■ REQUIRED ACTION:
The answer must be an exact transcription of the lines below from the first through the one containing "User-friendly courier app", with the pictures left out; please add nothing else.

■ DATA PROVIDED:
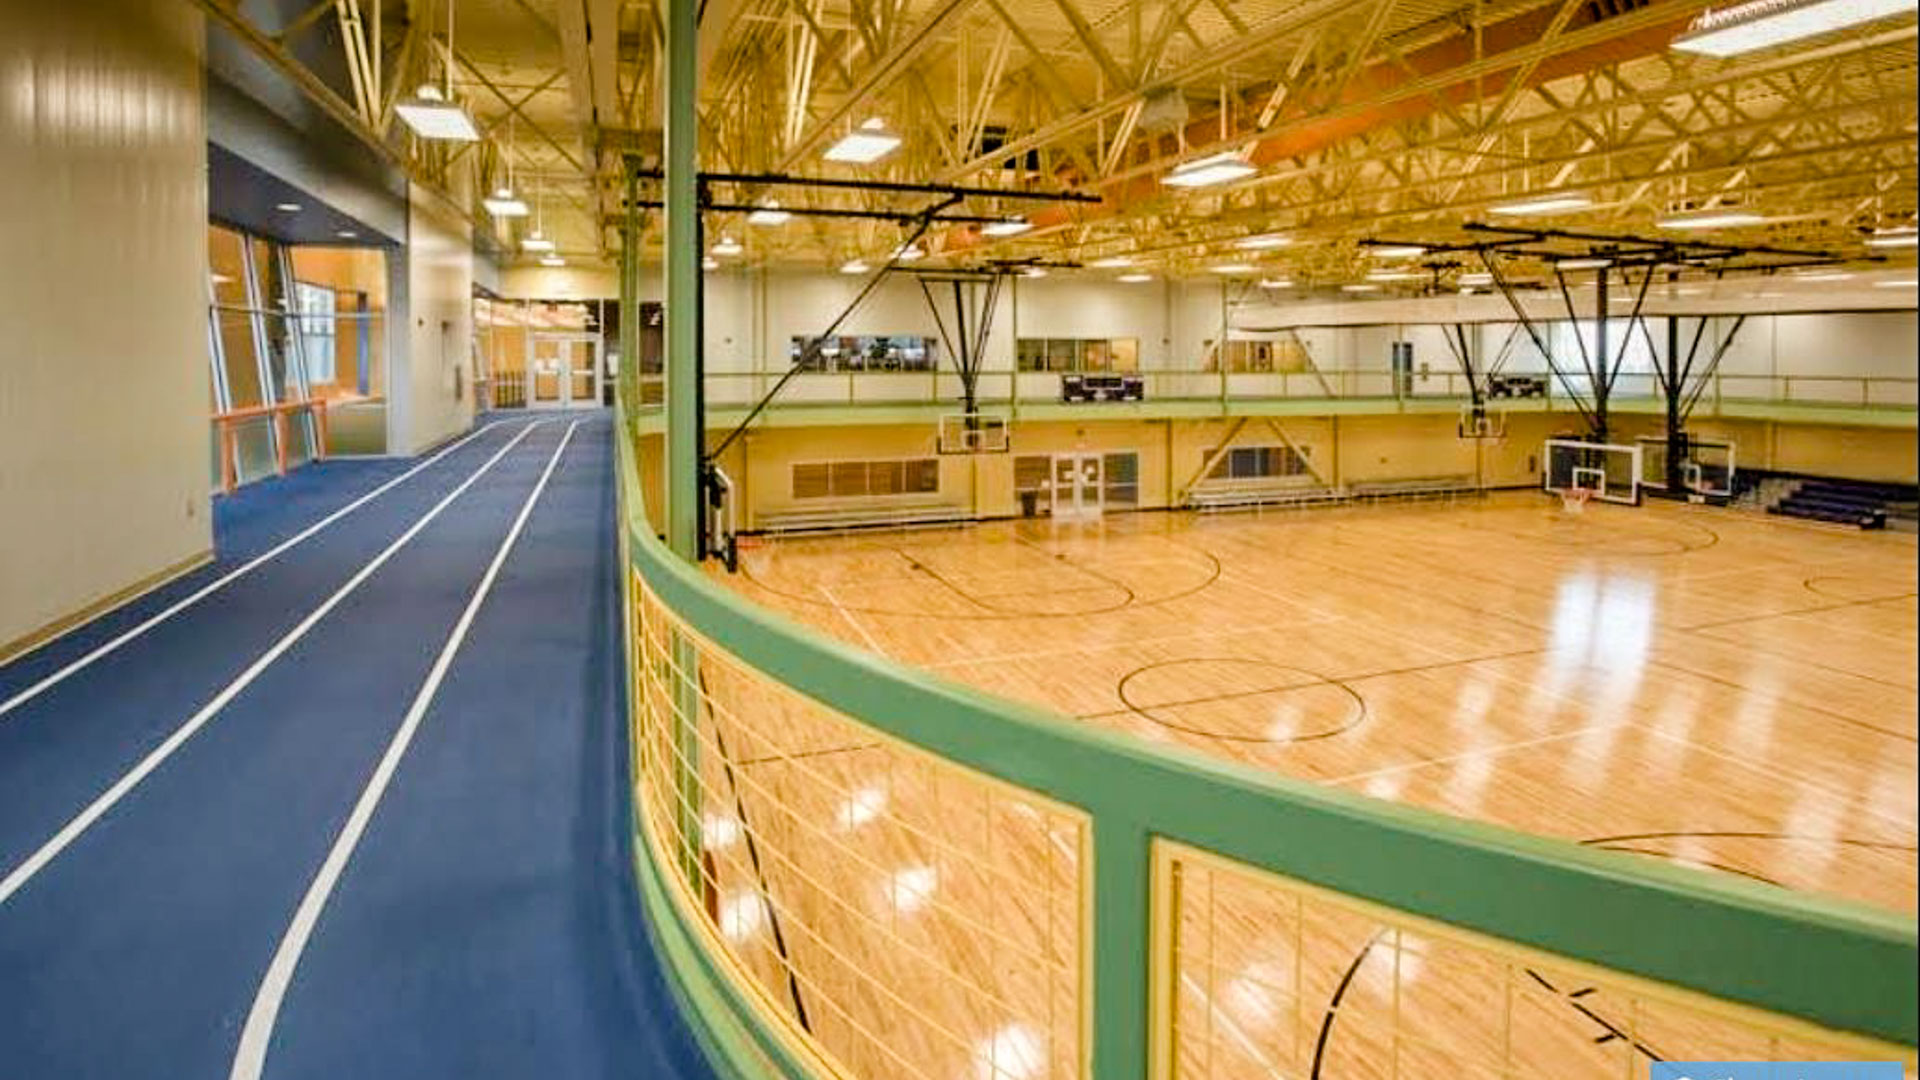 1903122 RecPlex Gymnasium Floor Walking Track NOP - RecPlex Gymnasium Floor Gets Refinishing on Steroids
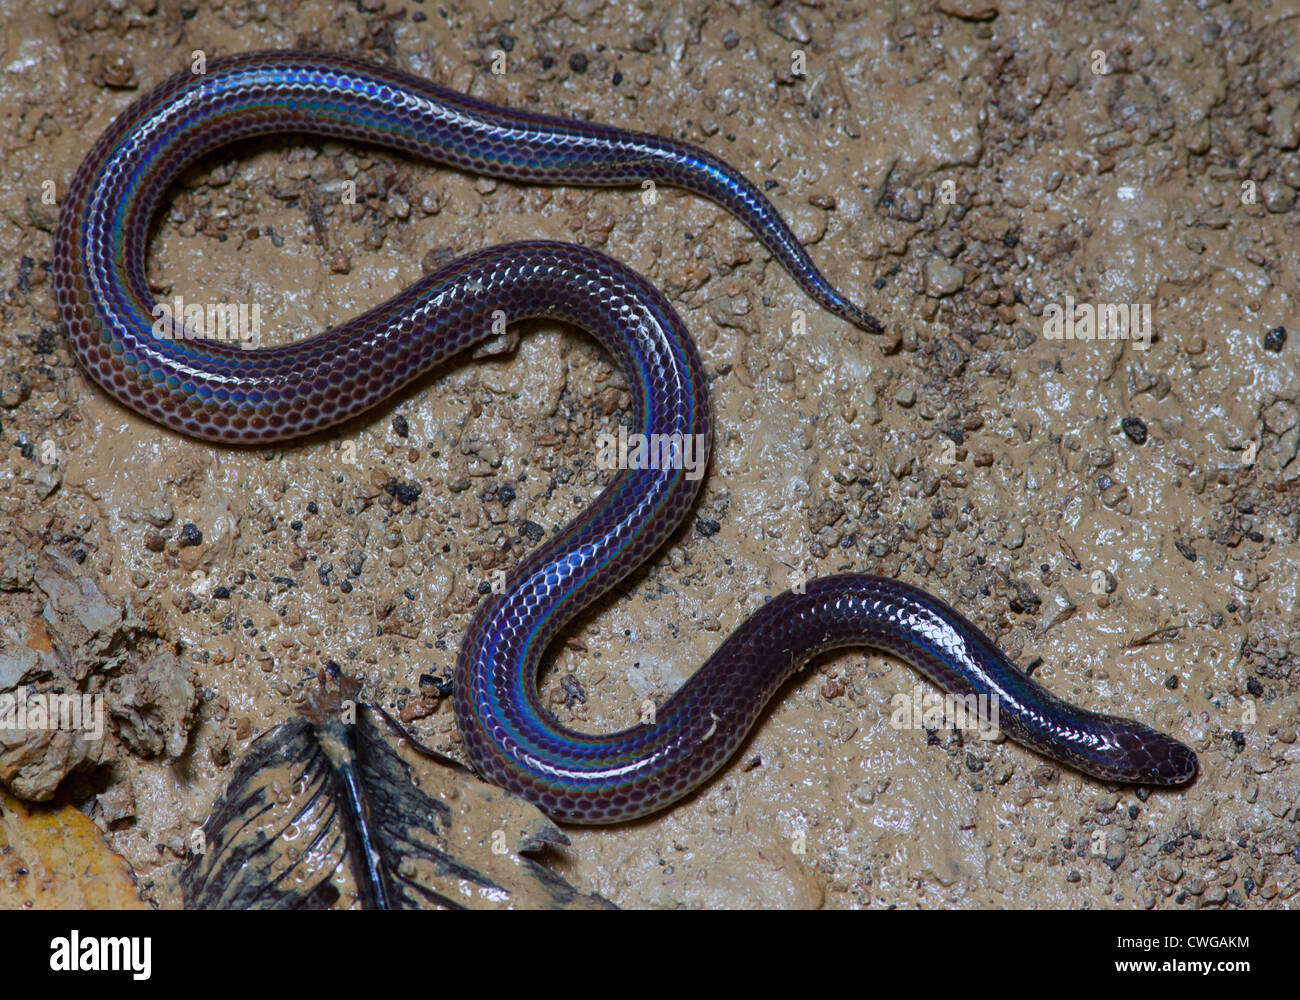 Schmidt's Reed Snake, Calamaria schmidti, Sabah, Malaysia Stock Photo
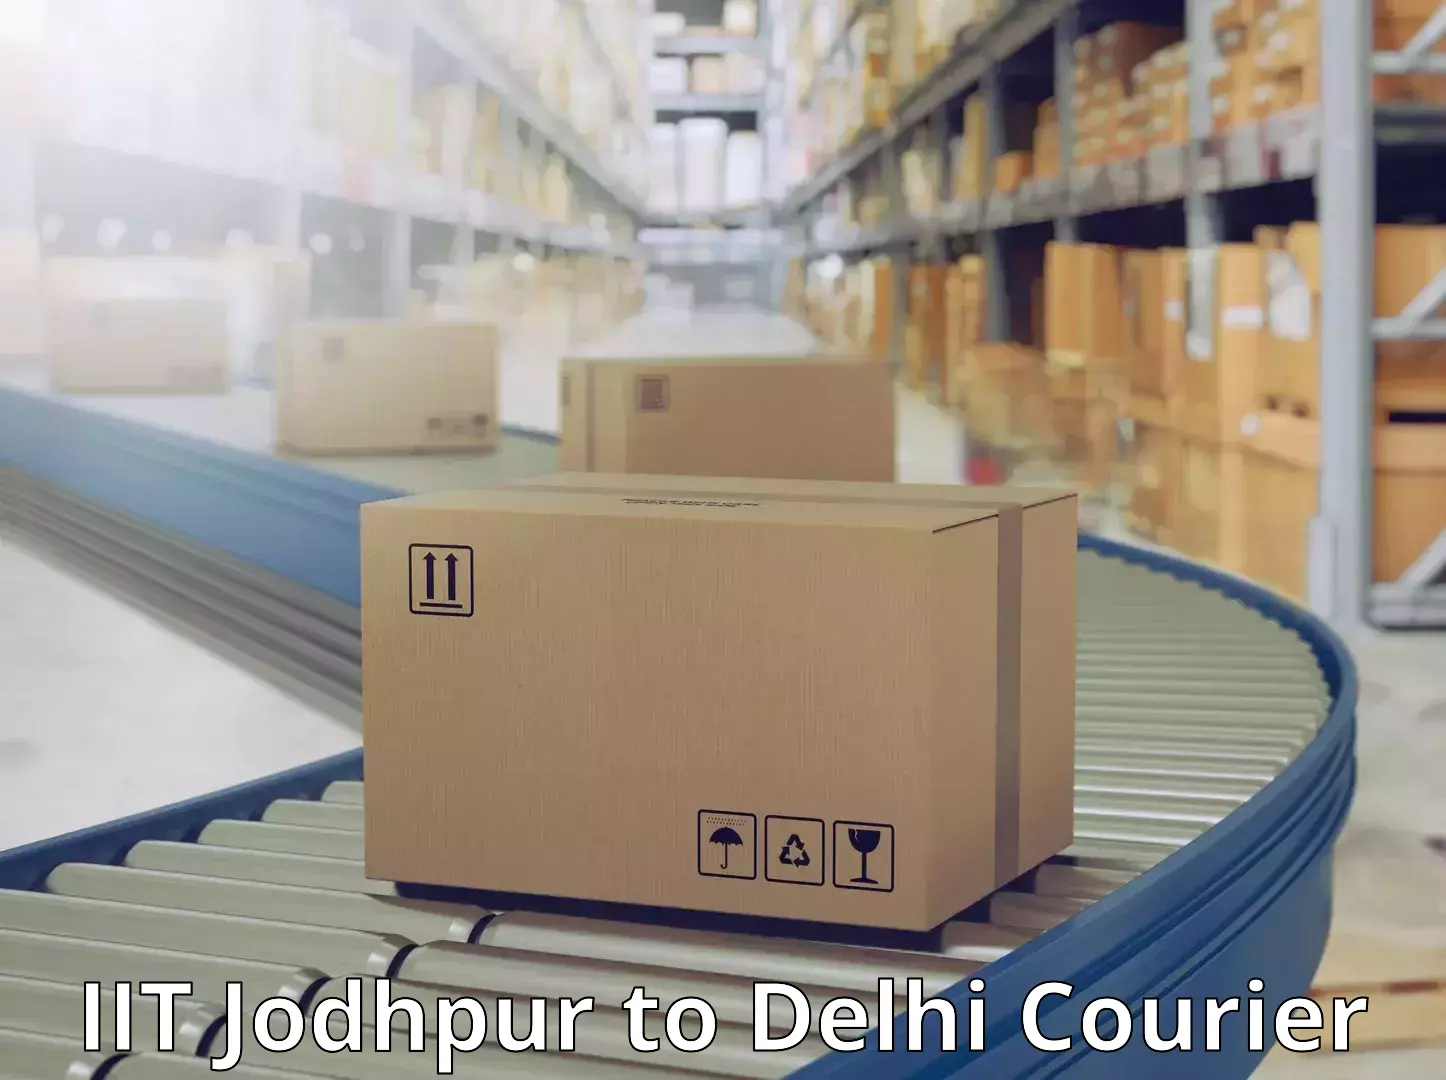 User-friendly courier app IIT Jodhpur to Jhilmil
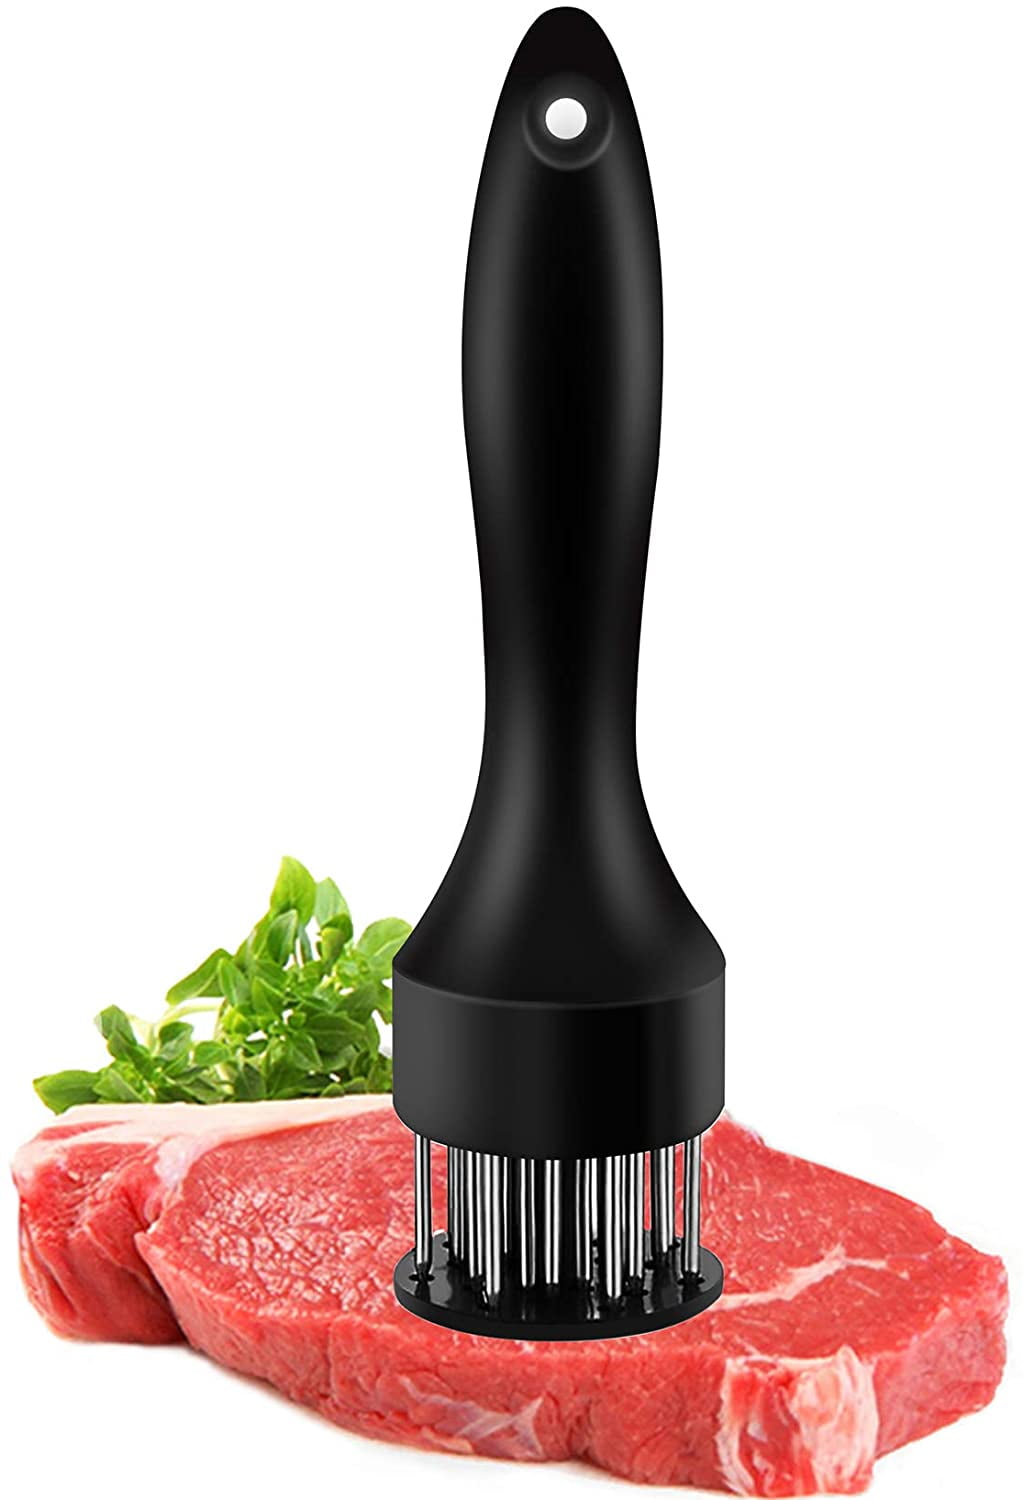 Black Meat Tenderizer Needle,Stainless Steel Meat Tenderizer Needle Kitchen Tool for Tenderizing Marinade Barbecue Steak,Steak Tenderizer Needle

■ SOLUTION TO THIS PROBLEM:
 1903122 RecPlex Gymnasium Floor Walking Track NOP - RecPlex Gymnasium Floor Gets Refinishing on Steroids
 Schmidt's Reed Snake, Calamaria schmidti, Sabah, Malaysia Stock Photo
 User-friendly courier app IIT Jodhpur to Jhilmil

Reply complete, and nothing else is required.